Making the copies is "maybelegal". Making a copy, for personal use, of content you're licensed to use and own the physical media of, is technically legal--you're supoosed to be able to make backup copies of software, put a CD on a cassette for the car, or photocopy a book you bought. By this standard, it's also legal to make a personal use copy of a DVD, for example to watch on your iPod.
Circumventing the Macrovision and CSS encryption on the DVDs, however, is technically illegal according to the horribly written DMCA. Since you have to do this to make a copy, I believe it works out to something like "it's not technically illegal to own the copy, but it's illegal to actually make the copy".
This came about because the big media conglomerates had failed to legally prevent people from duplicating stuff for their own use (fair use has been around for a while), and they failed to come up with an "unbreakable" encryption standard (that's basically impossible), so their only recourse was to get a new law made (DMCA) that makes it illegal to mess with encryption in the first place.
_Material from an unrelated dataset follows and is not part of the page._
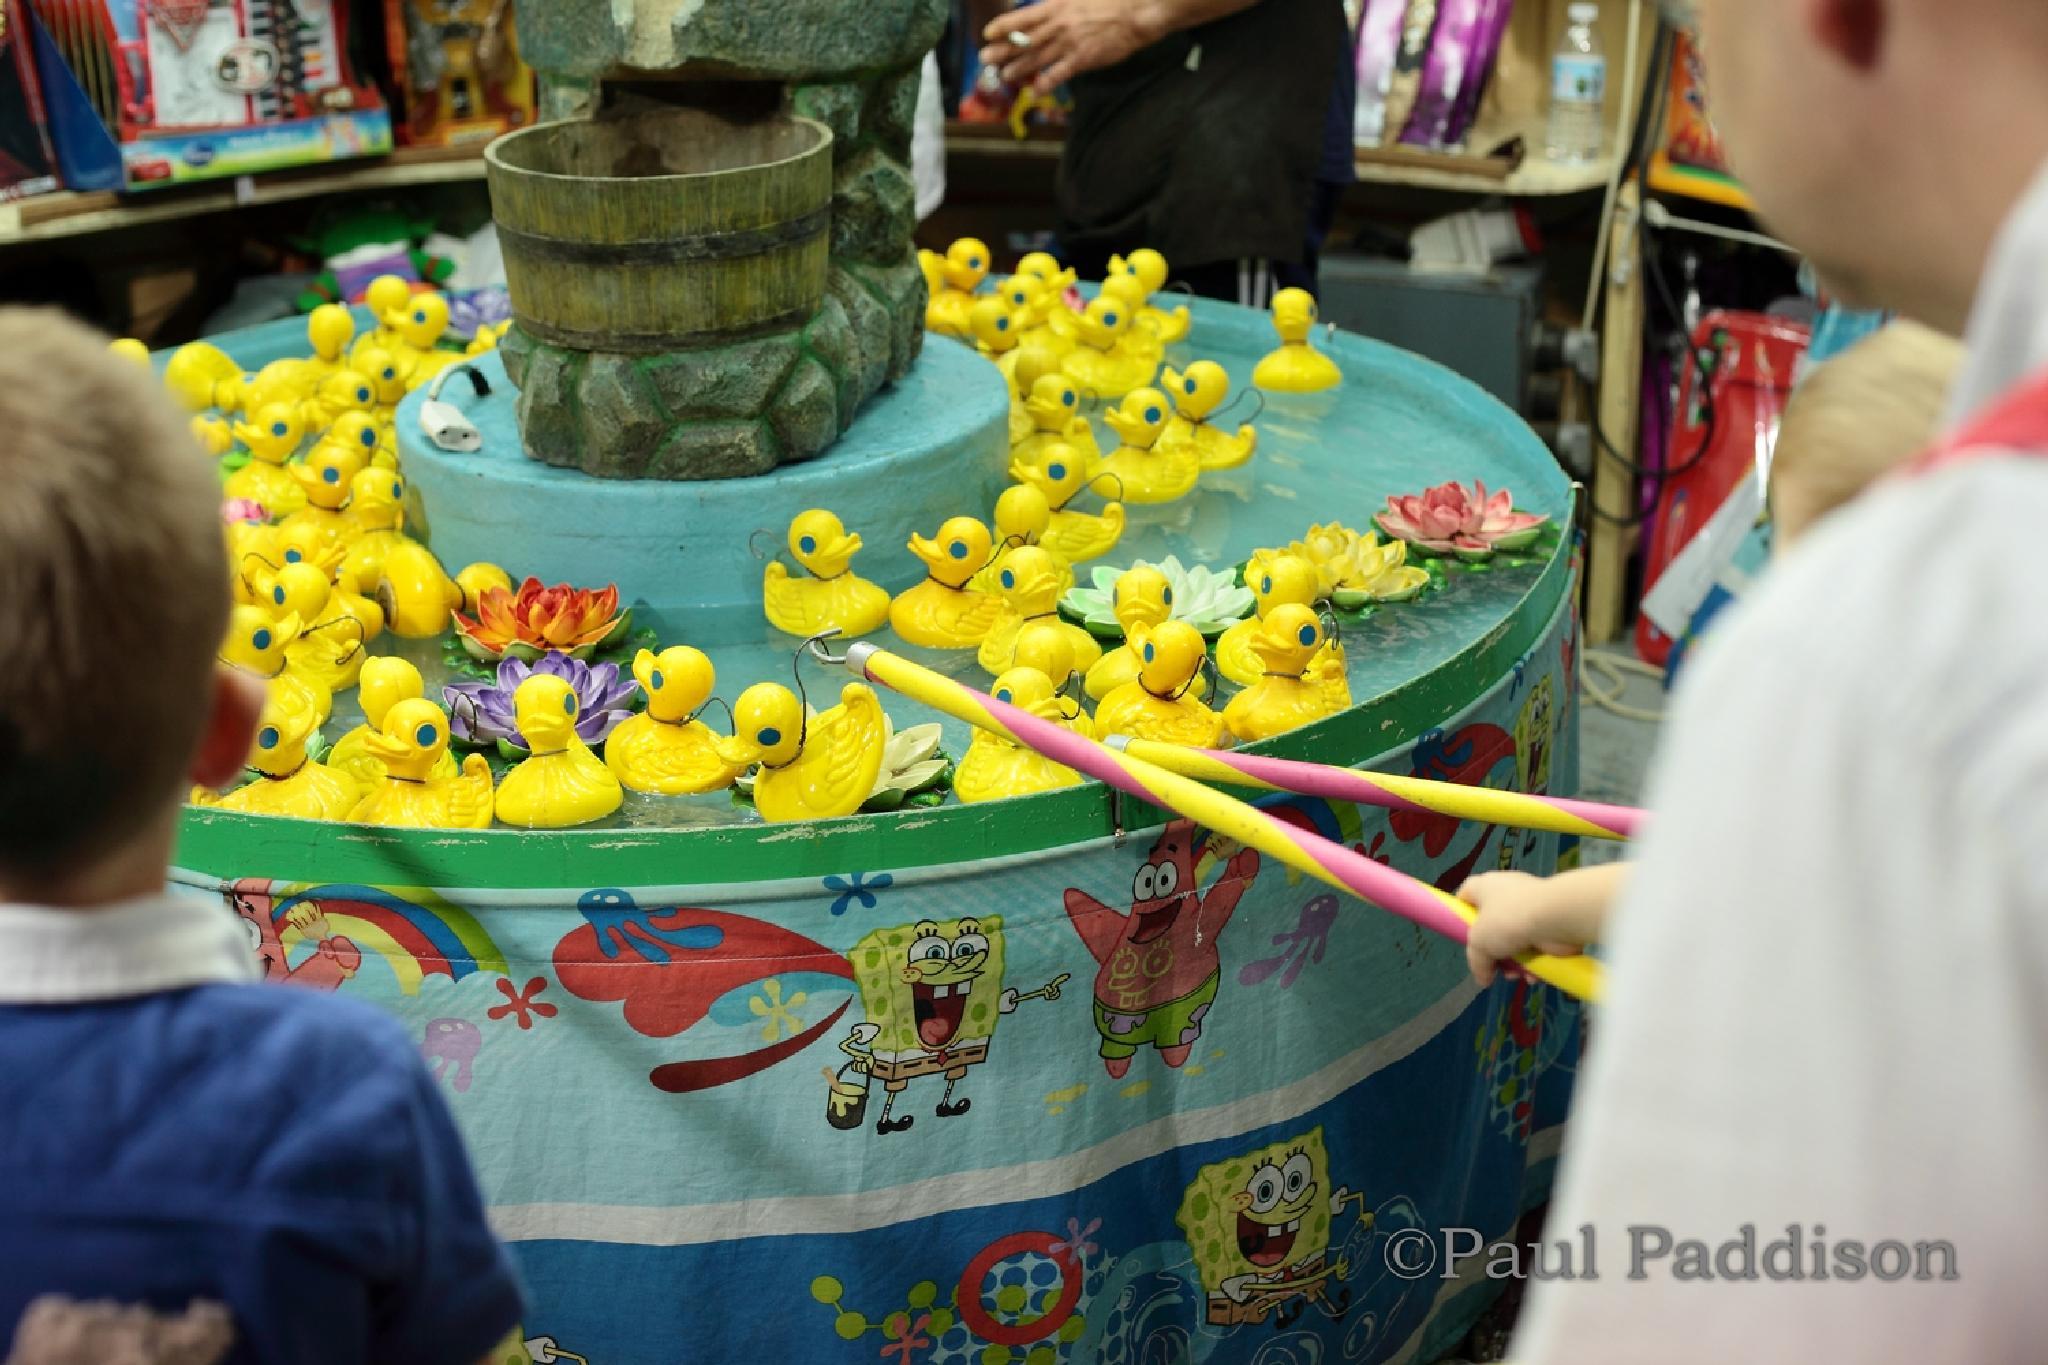 Ducks by Paul Paddison

It probably should be unconstutional, but so far the government here in the US has let money talk and let it stand.
In fact, though I could well be mistaken, I think you would be within your rights to make an exact duplicate of a DVD if it included the encryption, but nothing I'm aware of does that, and maybe there'd be another reason that'd be illegal.
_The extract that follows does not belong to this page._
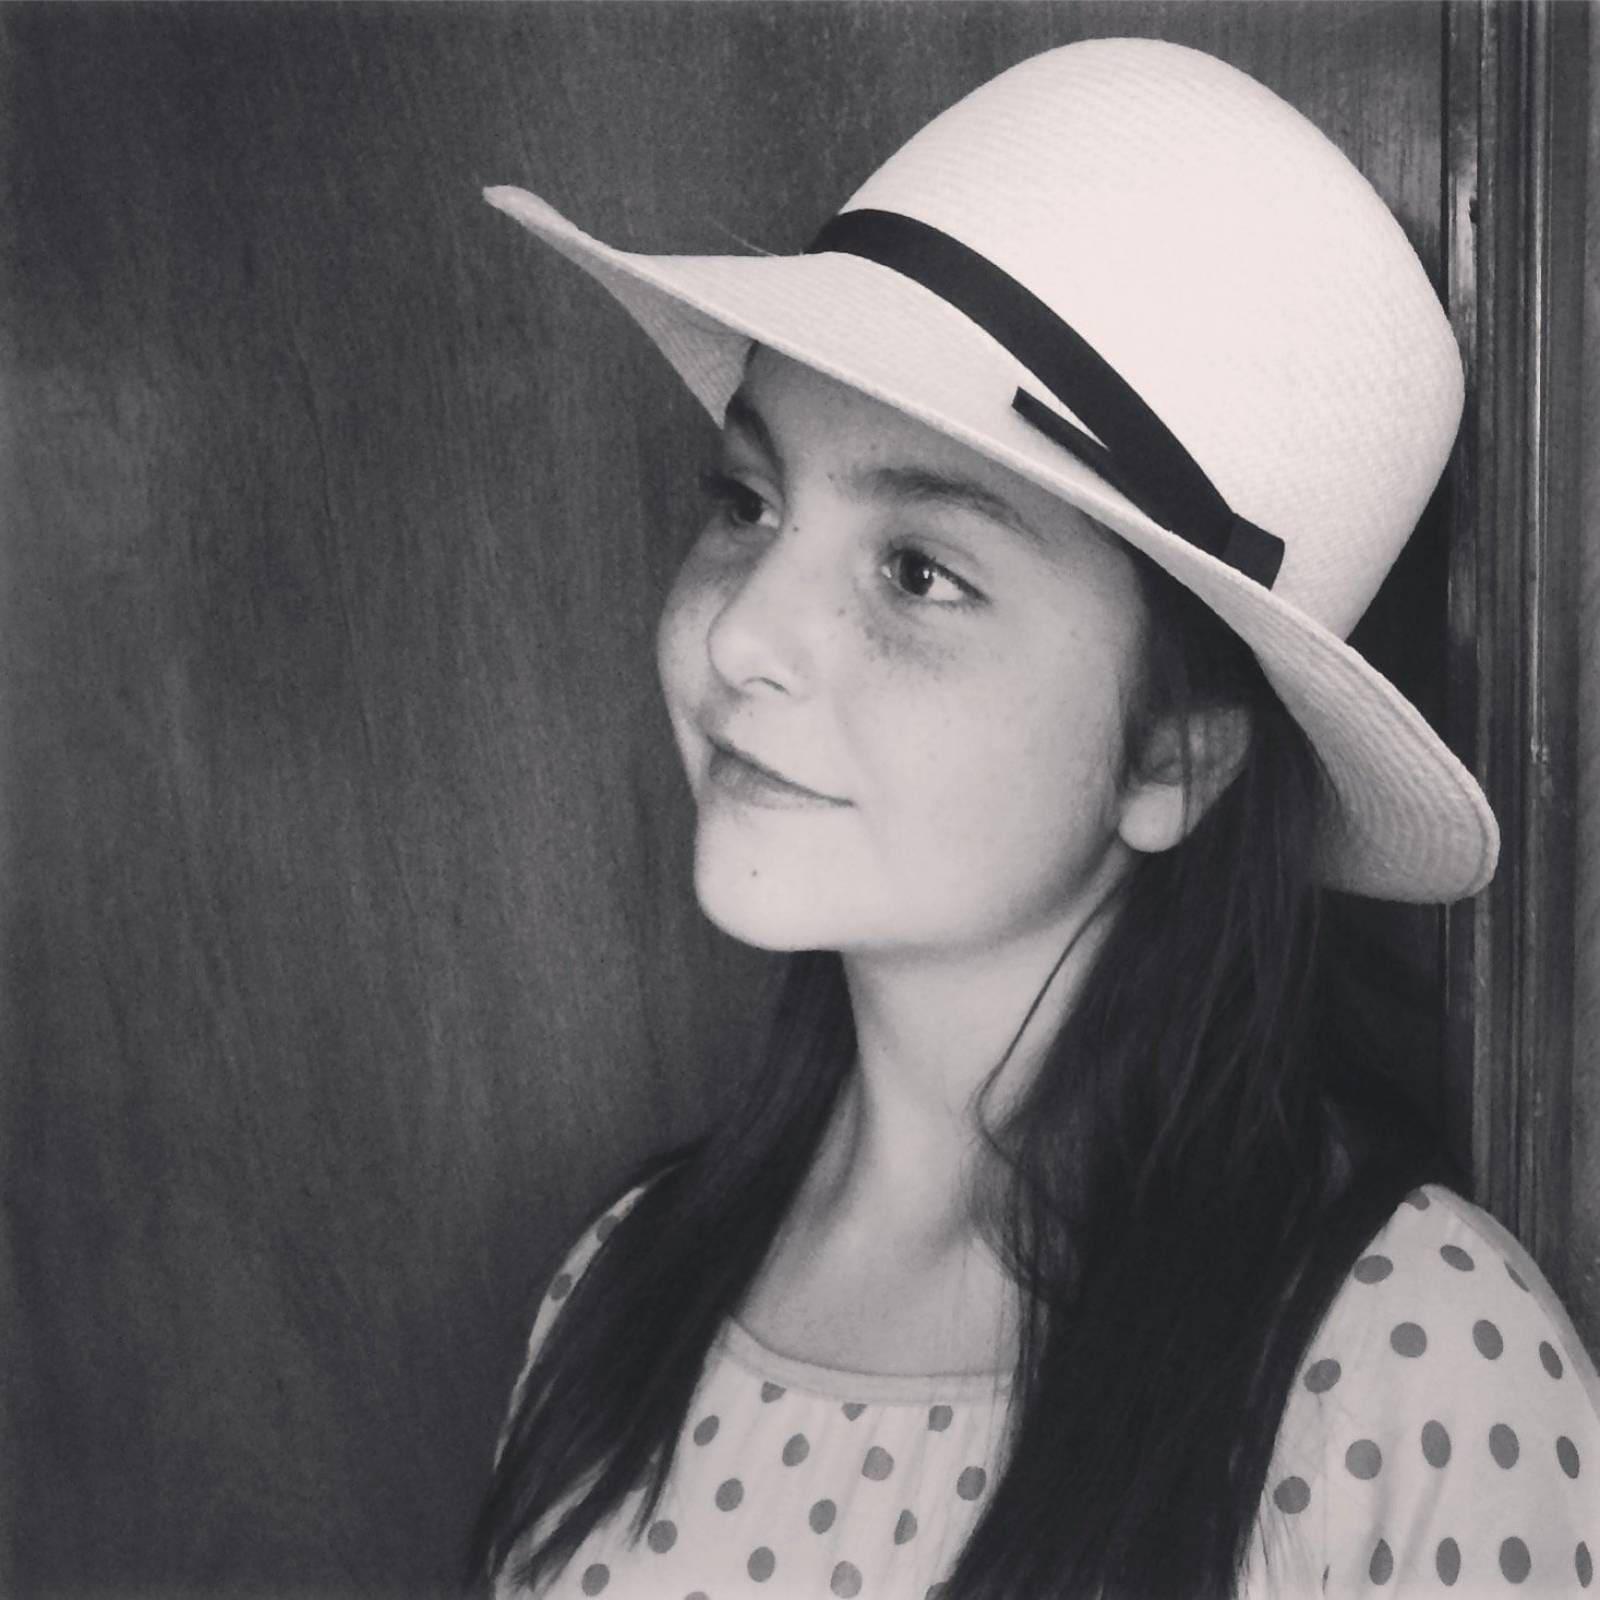 Sombrero Jipijapa Hecho A Mano Por Familias Mayas Modelo Dama

All that said, there are already several companies selling software that will let you do this despite legal attempts to prevent it (some have been shut down), and I've seen DVD-VCR combos that will let you copy right to a VHS tape, so the MPAA would be hard pressed to go after individual consumers for making a copy of their own DVDs. So far they haven't, as it's far more effective (which still isn't very) to go after people who actually spread the copies around on the net.